» **Provided data**
______________________________
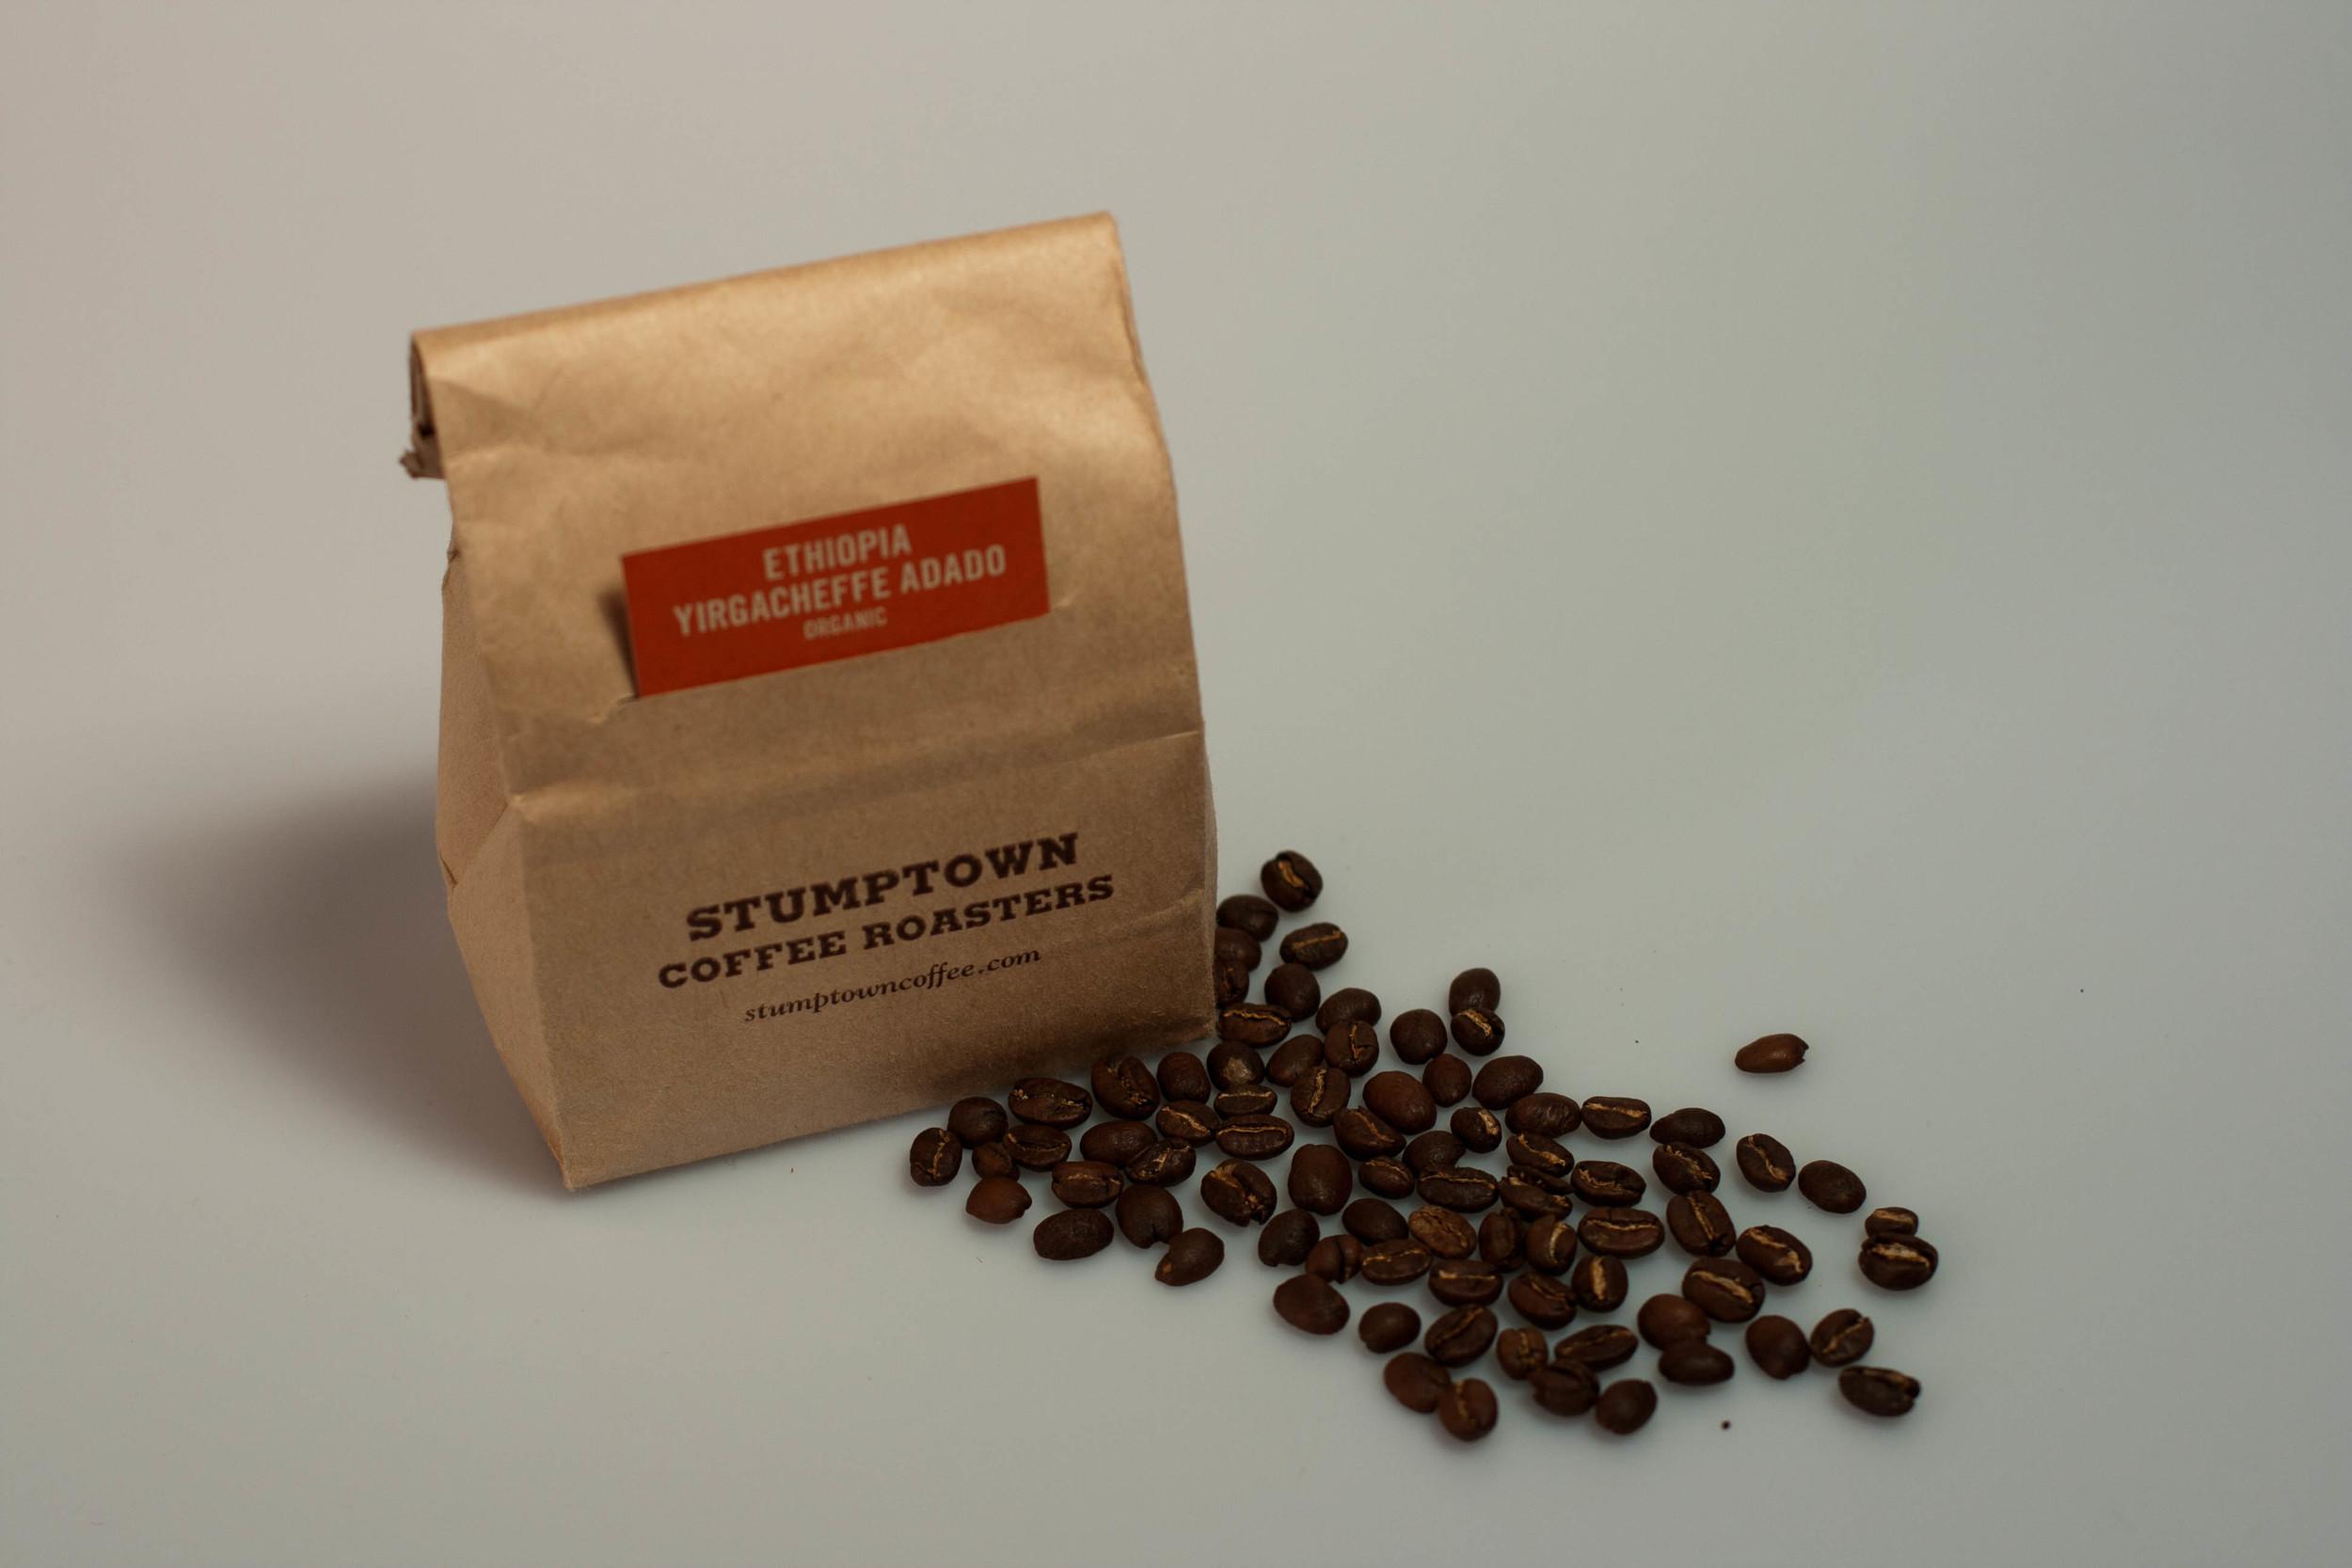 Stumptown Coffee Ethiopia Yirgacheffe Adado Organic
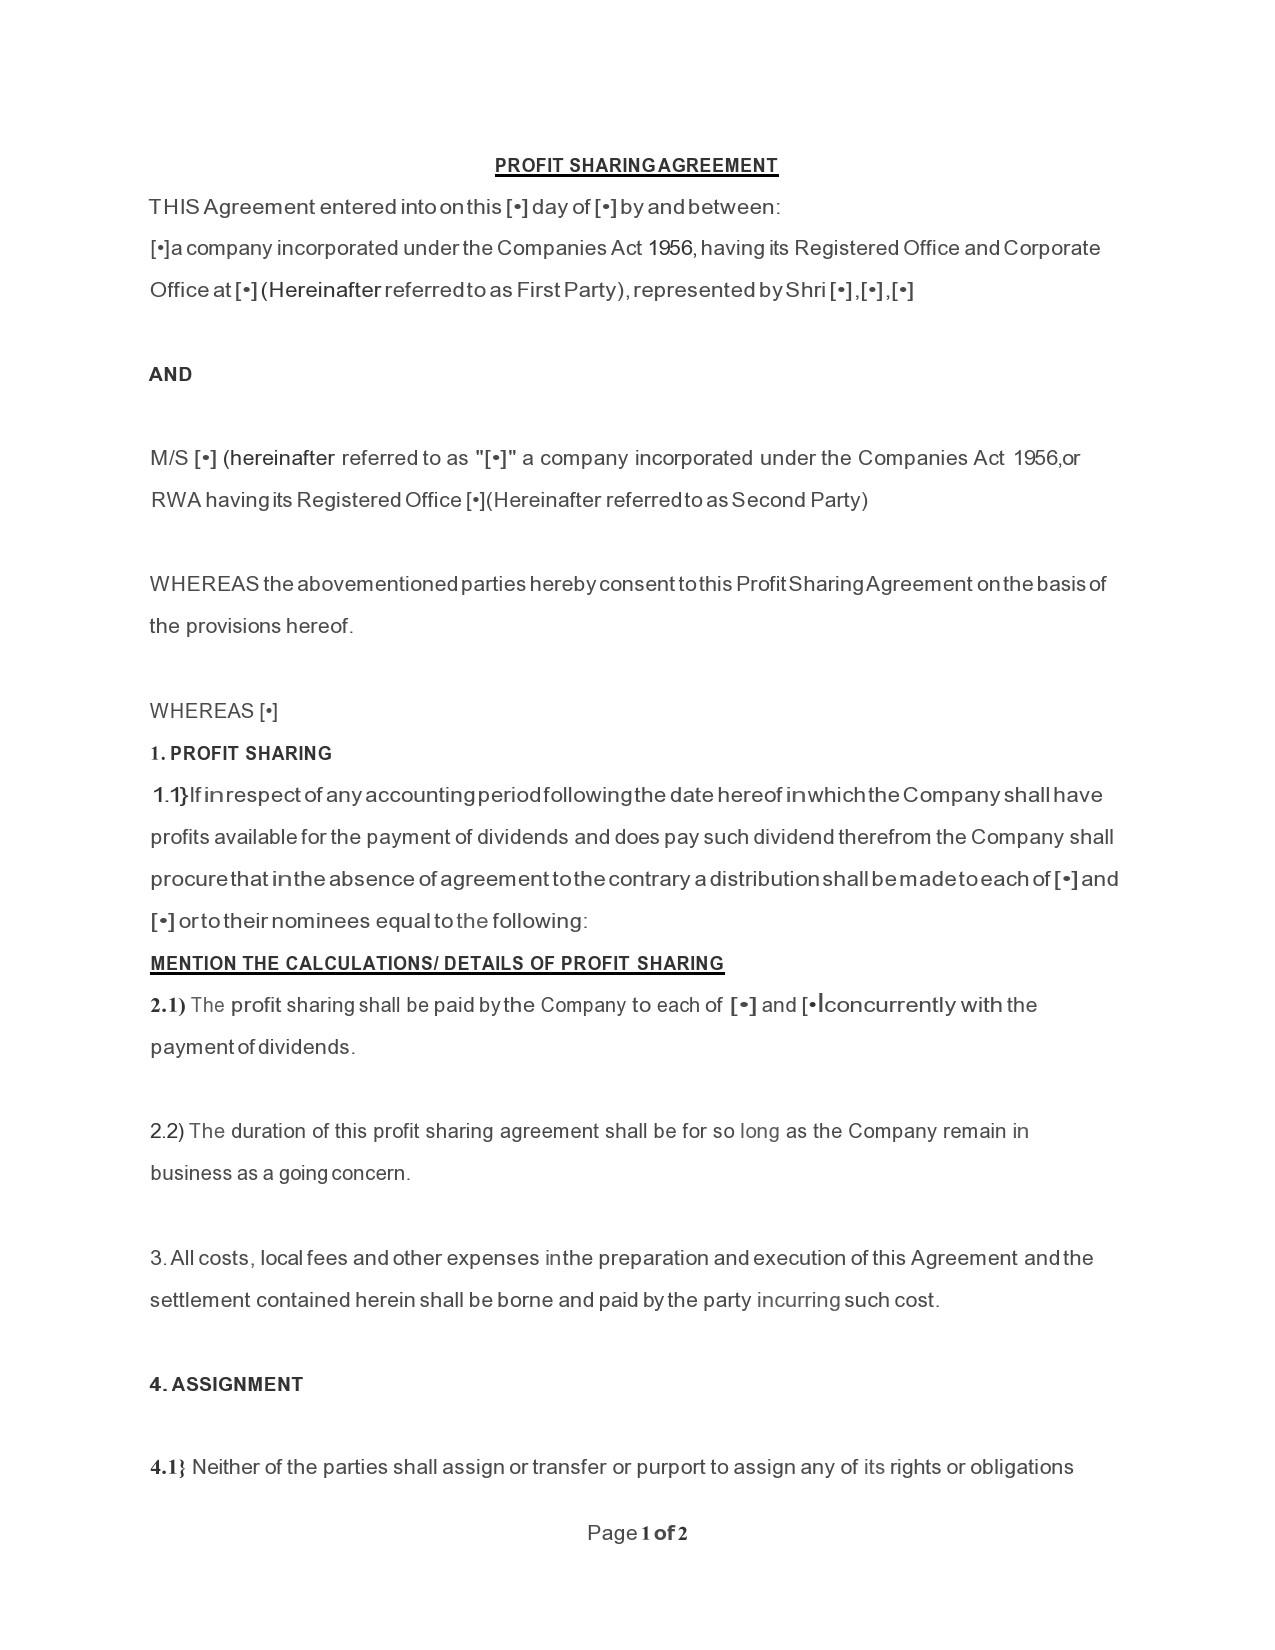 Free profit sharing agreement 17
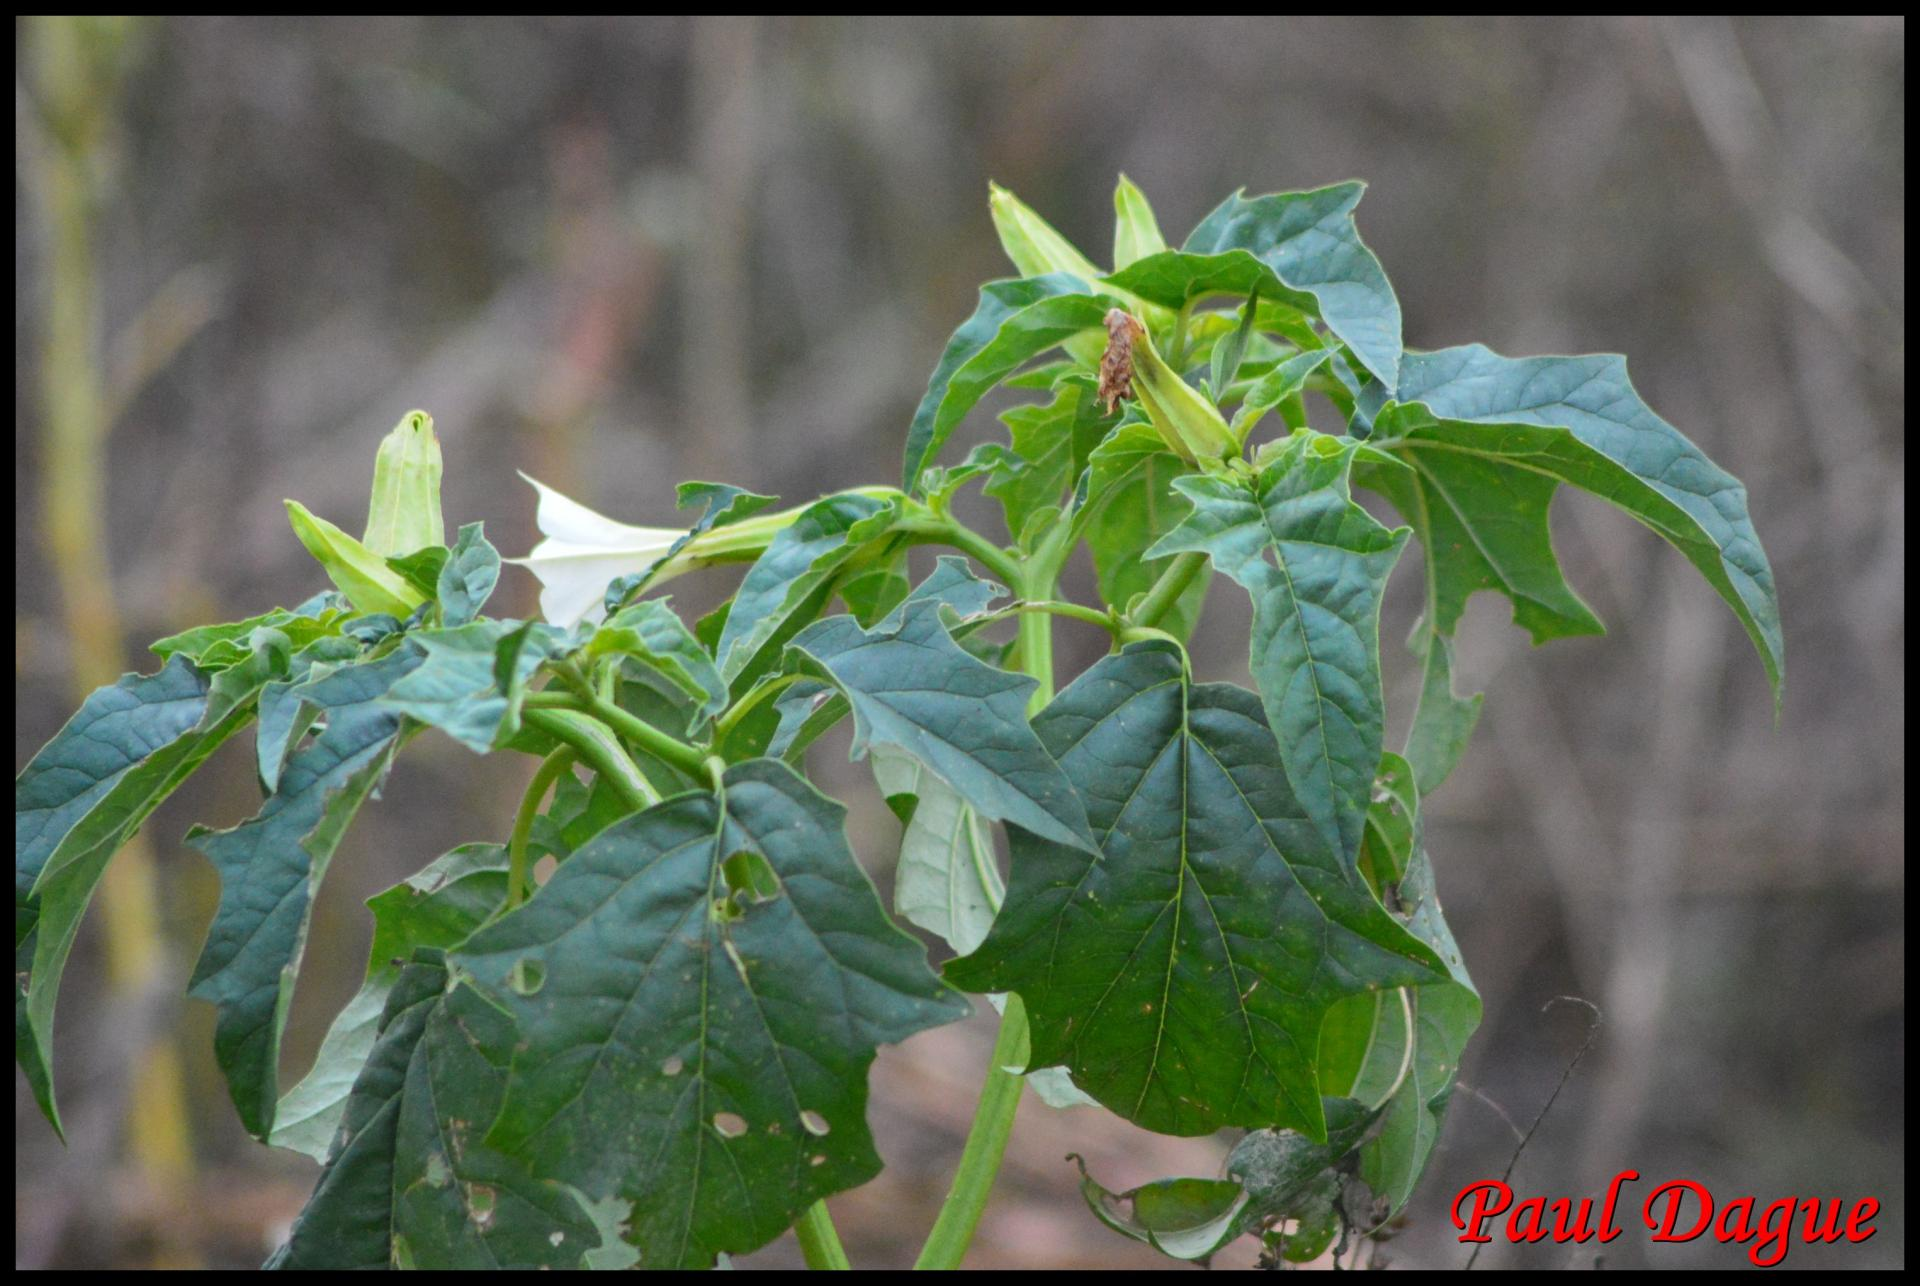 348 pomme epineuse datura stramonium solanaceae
______________________________
» **How to complete this task**
The whole listing above must be duplicated word for word, apart from its pictures.

» **Solved exercise**
 Stumptown Coffee Ethiopia Yirgacheffe Adado Organic
 Free profit sharing agreement 17
 348 pomme epineuse datura stramonium solanaceae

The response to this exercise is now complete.